The Re-Creation of Brian Kent is a 1925 American drama film directed by Sam Wood and written by Mary Alice Scully and Arthur F. Statter. It is based on the 1919 novel The Re-Creation of Brian Kent by Harold Bell Wright. The film stars Kenneth Harlan, Helene Chadwick, Mary Carr, ZaSu Pitts, Rosemary Theby, T. Roy Barnes, Ralph Lewis, and Russell Simpson. The film was released on February 15, 1925, by Principal Distributing.

==Plot==
To satisfy all the wishes of a demanding wife, Brian Kent steals a large sum from the bank where he works. Overwhelmed with remorse, the man then attempts suicide on a boat that is adrift in a tumultuous river. The small boat, however, ends up entangled in the branches of the willows along the shore and Brian meets Judy, a girl who lives nearby and who introduces him to her aunt Sue.
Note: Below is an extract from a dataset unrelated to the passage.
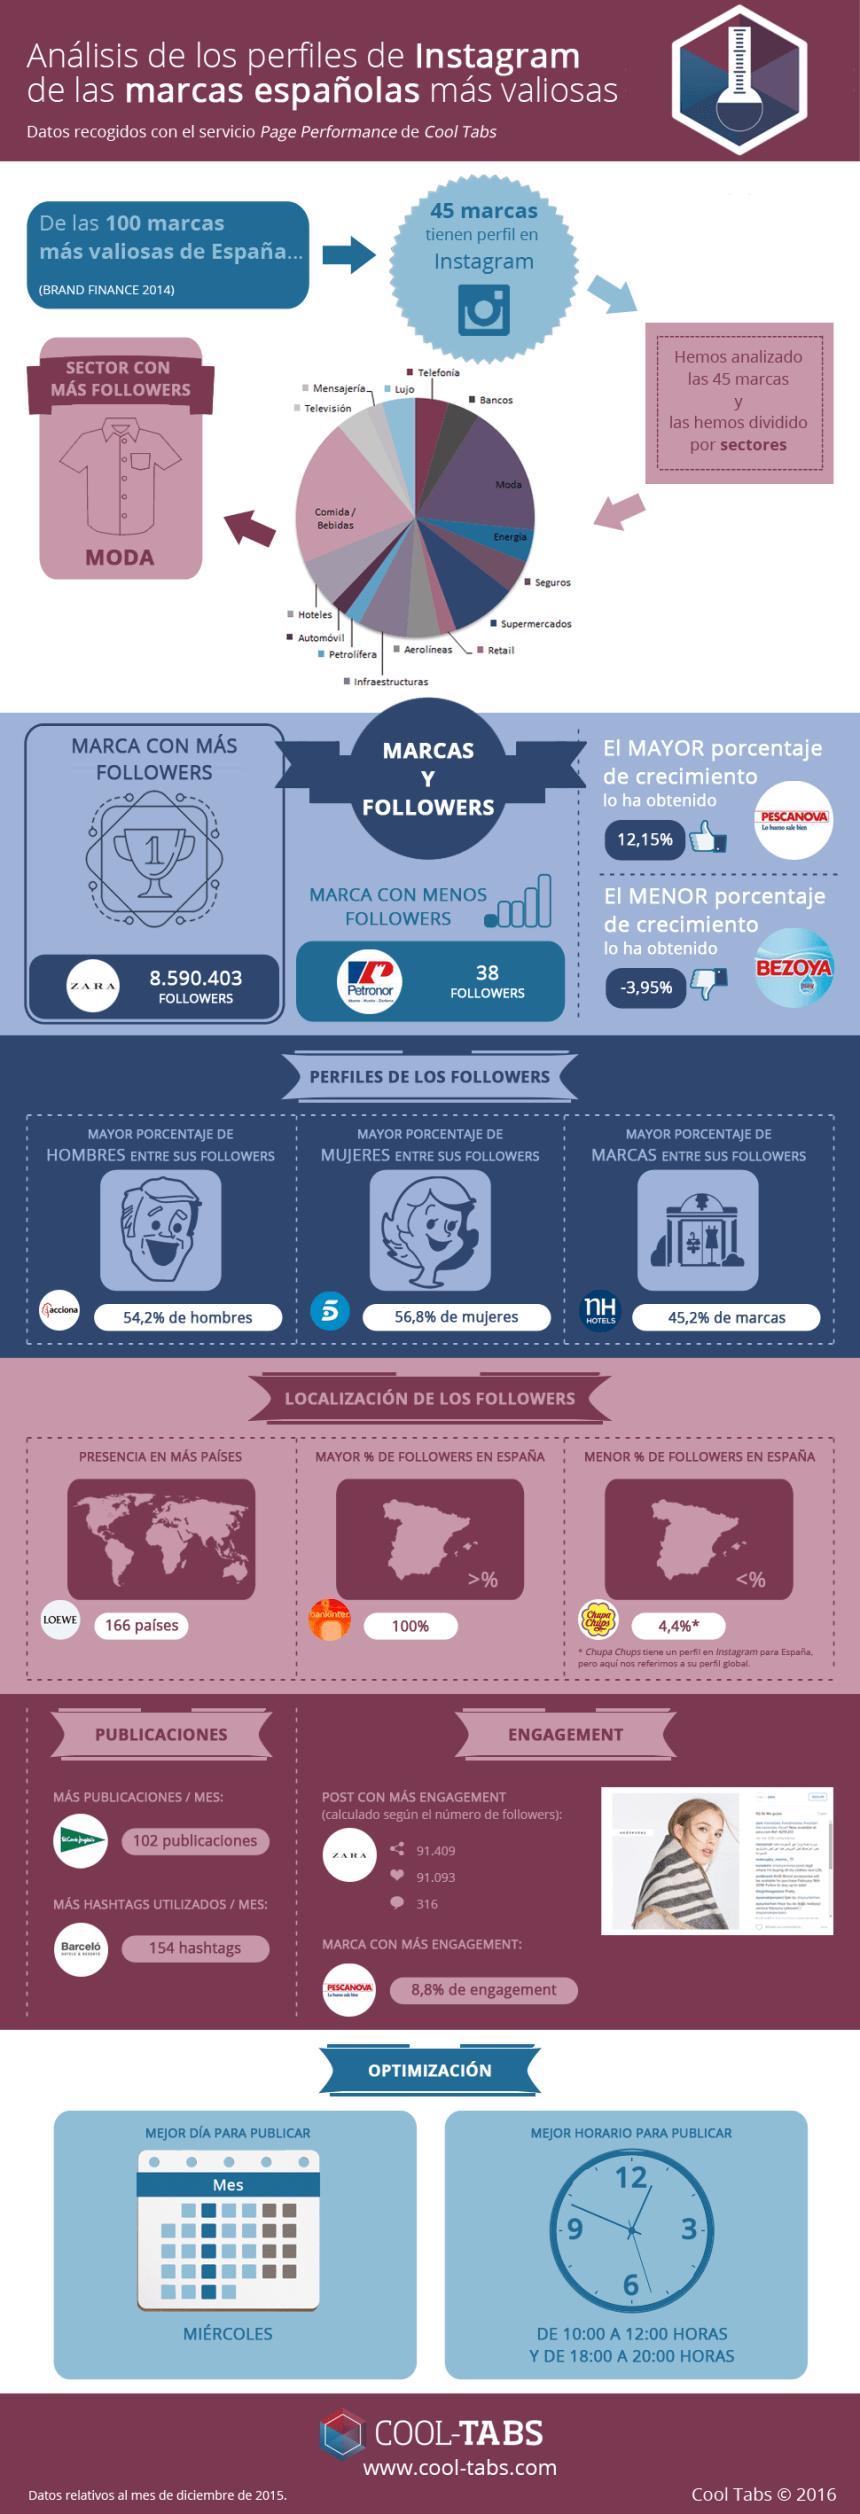 Análisis del Instagram de las Marcas más valiosas de España

The latter, a kind teacher, has a positive influence on Brian who, trying to leave the past behind, becomes another man and even begins to write a book. But when he falls in love with Betty Jo, he arouses jealousy in Judy, who tells her father about her less than exemplary past. The man informs the bank of Brian's whereabouts, but Aunt Sue manages to persuade the bank president - an old student of his - not to pursue him. His wife, who came to find him, drowns in the river and Brian is now free to start a happy life with Betty Jo.

==Preservation==
The film is preserved in the Library of Congress collection.